◆ **WORK TO BE COMPLETED**:
Only what runs from the line with "The Las Cruces" to the end of the data should appear in the answer, exactly as written and without pictures.

Start of Block

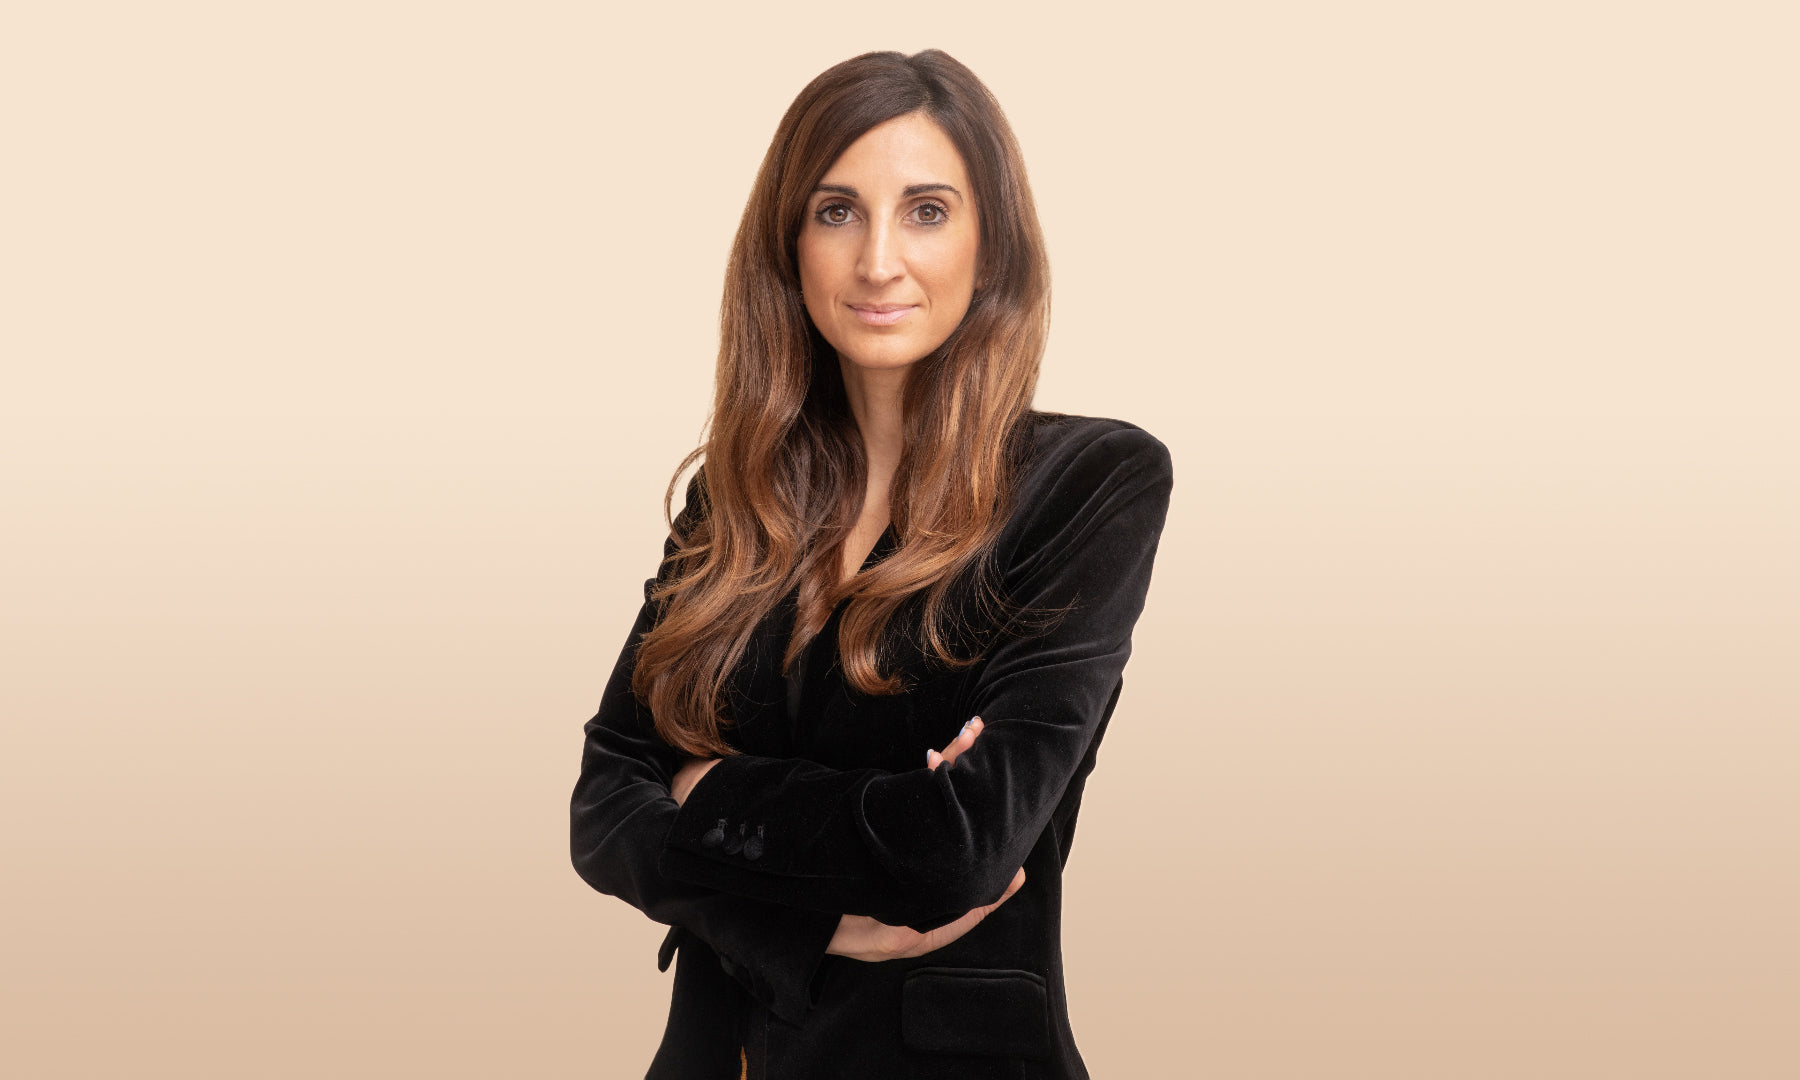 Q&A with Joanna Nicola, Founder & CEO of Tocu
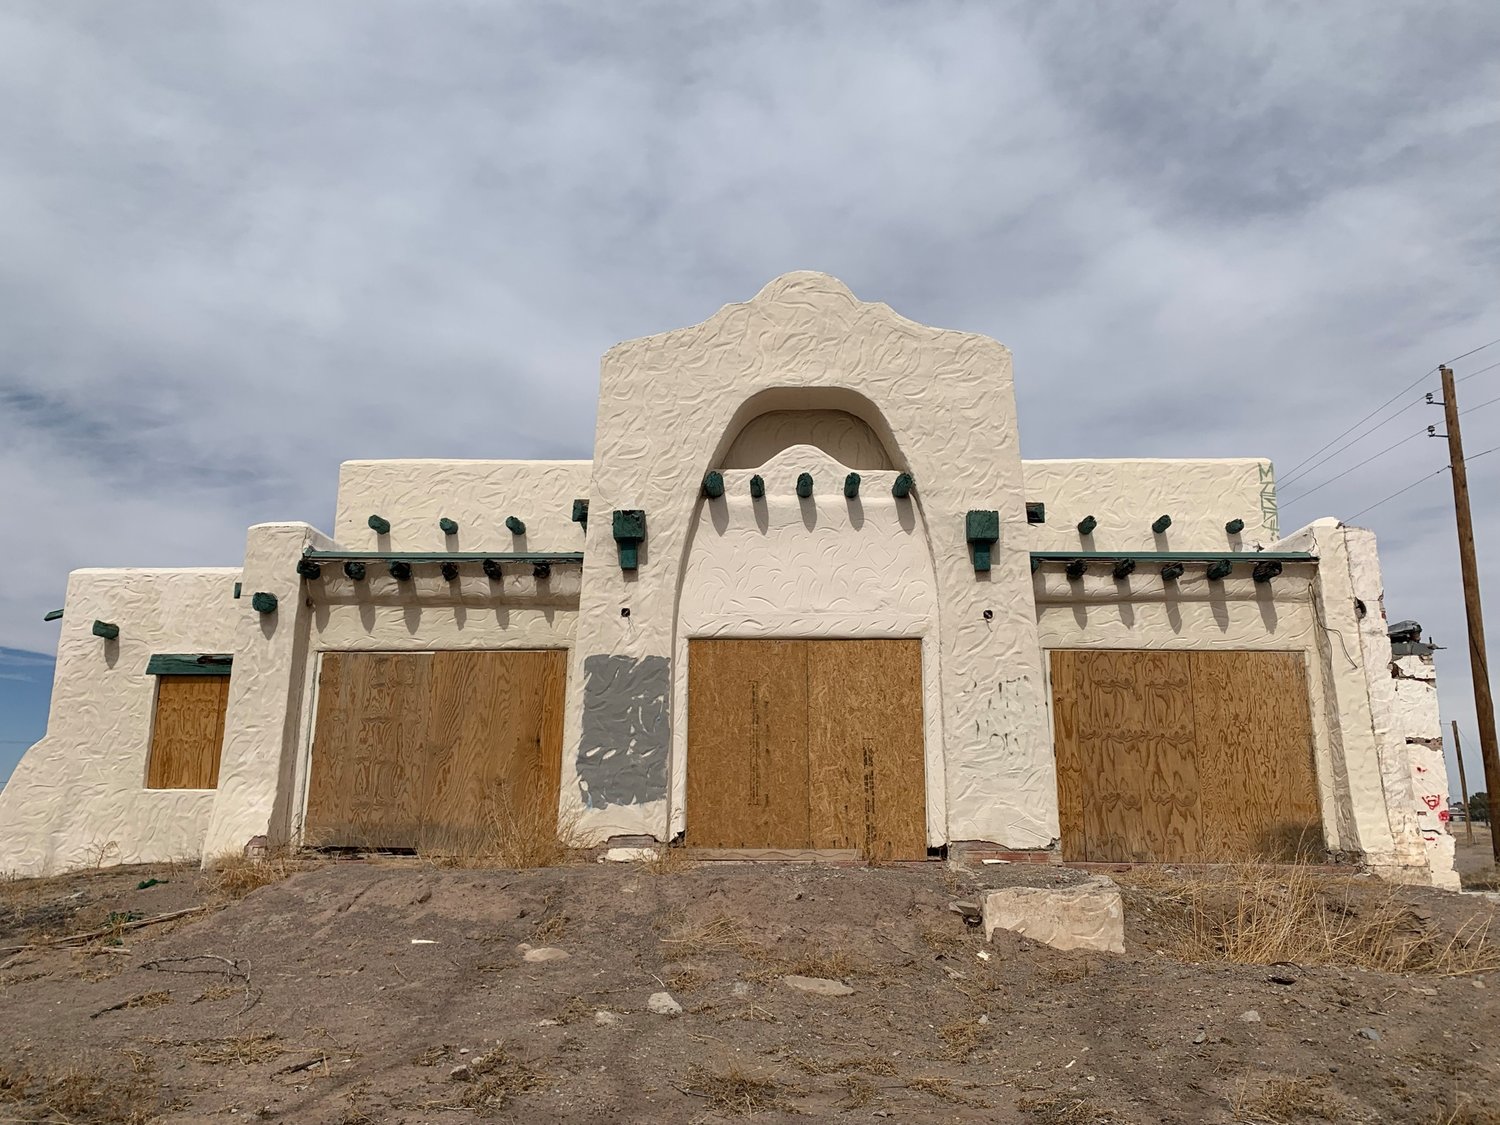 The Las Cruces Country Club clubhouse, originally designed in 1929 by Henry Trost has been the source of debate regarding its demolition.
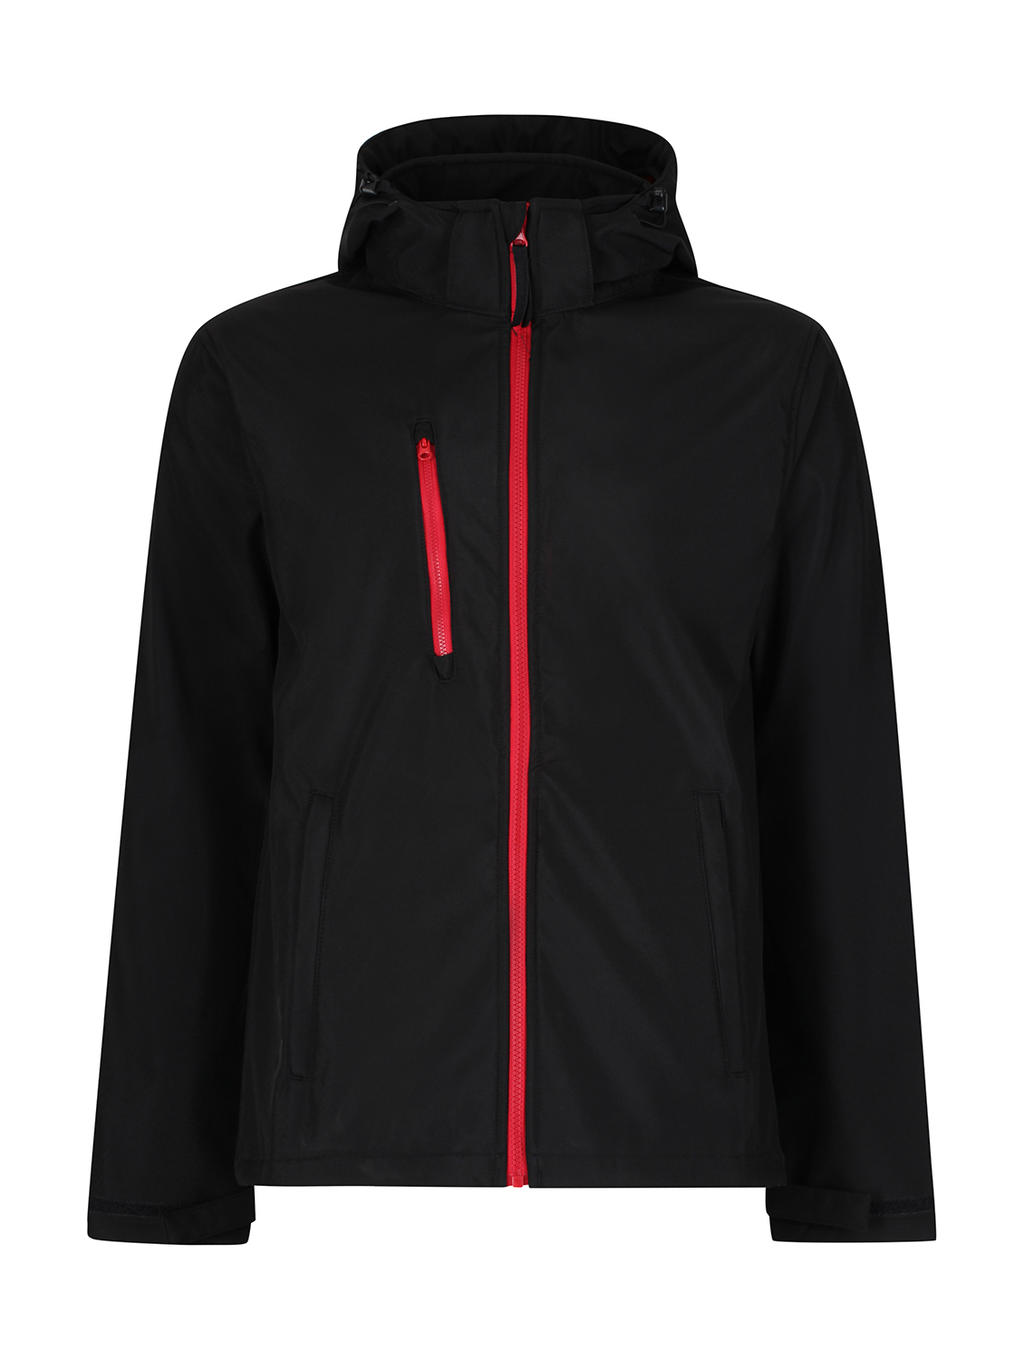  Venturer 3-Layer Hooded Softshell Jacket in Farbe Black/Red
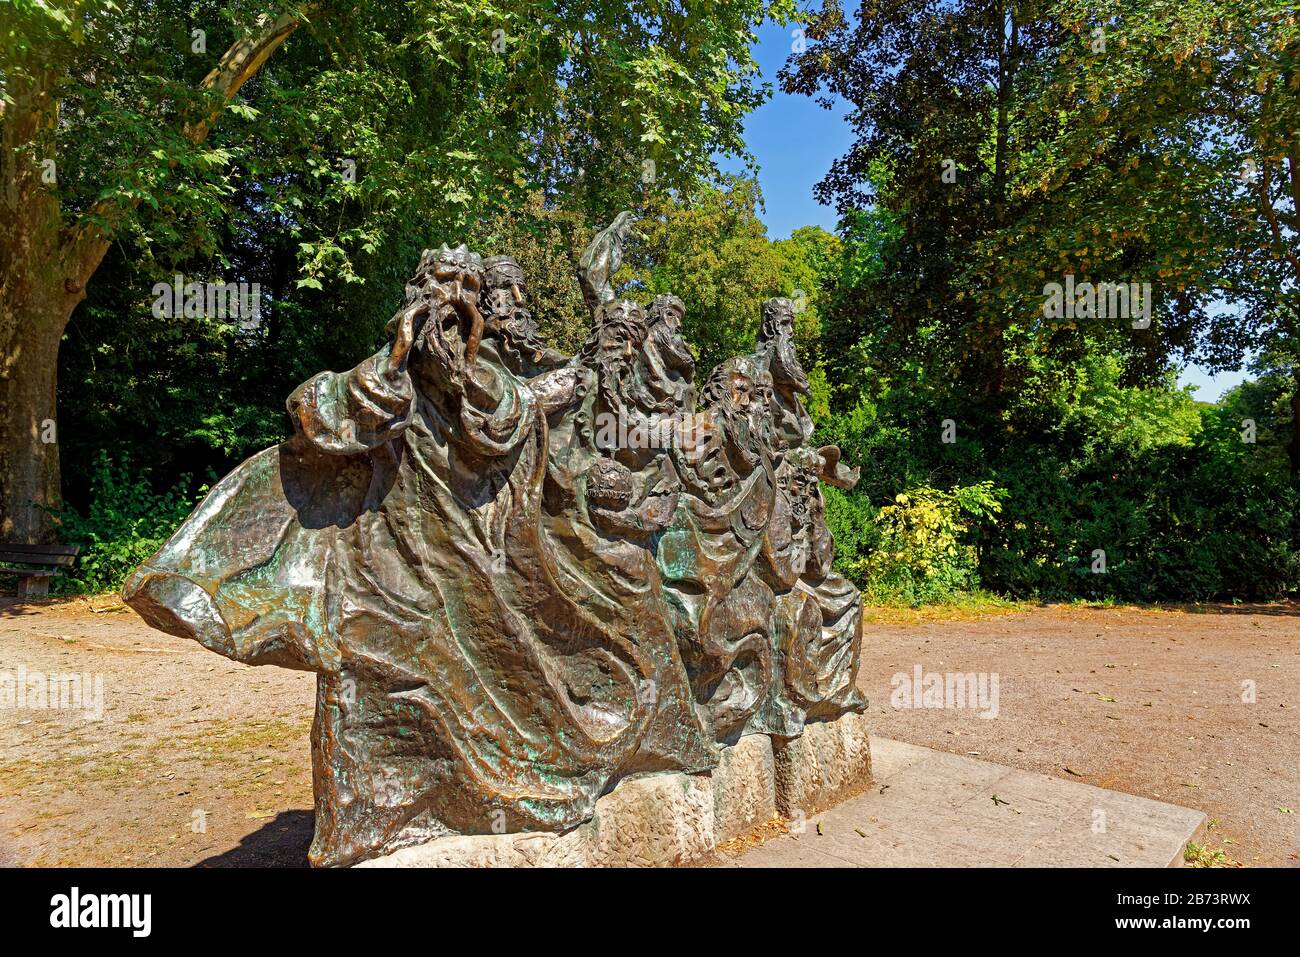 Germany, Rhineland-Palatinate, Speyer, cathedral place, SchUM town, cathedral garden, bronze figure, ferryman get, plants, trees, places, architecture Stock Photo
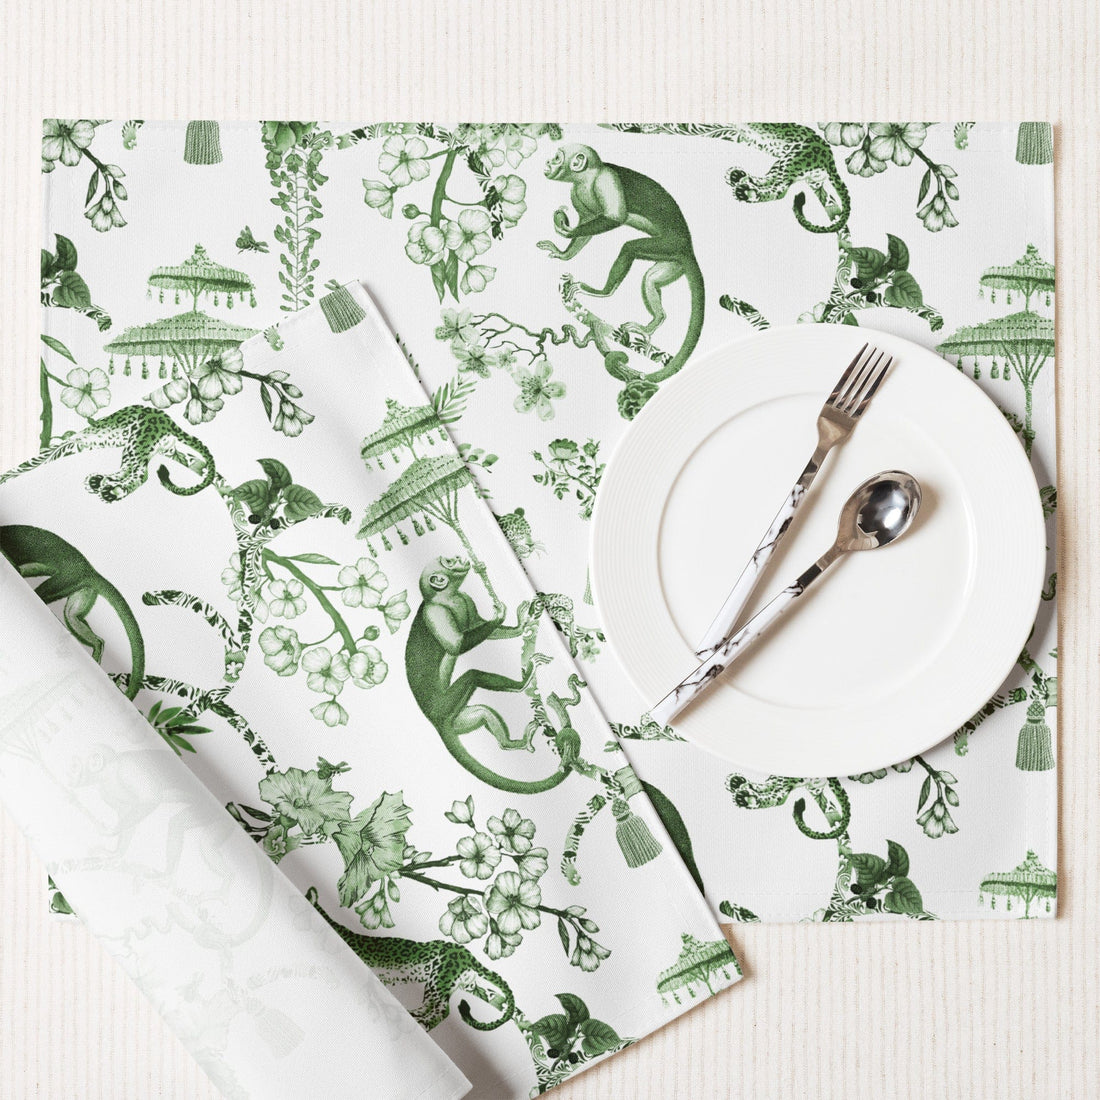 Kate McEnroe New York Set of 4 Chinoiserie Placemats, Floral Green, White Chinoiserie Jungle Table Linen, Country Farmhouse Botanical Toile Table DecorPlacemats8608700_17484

End of Block

◆ **WORKED SOLUTION**:
 The Las Cruces Country Club clubhouse, originally designed in 1929 by Henry Trost has been the source of debate regarding its demolition.
  Venturer 3-Layer Hooded Softshell Jacket in Farbe Black/Red
 Germany, Rhineland-Palatinate, Speyer, cathedral place, SchUM town, cathedral garden, bronze figure, ferryman get, plants, trees, places, architecture Stock Photo
 Kate McEnroe New York Set of 4 Chinoiserie Placemats, Floral Green, White Chinoiserie Jungle Table Linen, Country Farmhouse Botanical Toile Table DecorPlacemats8608700_17484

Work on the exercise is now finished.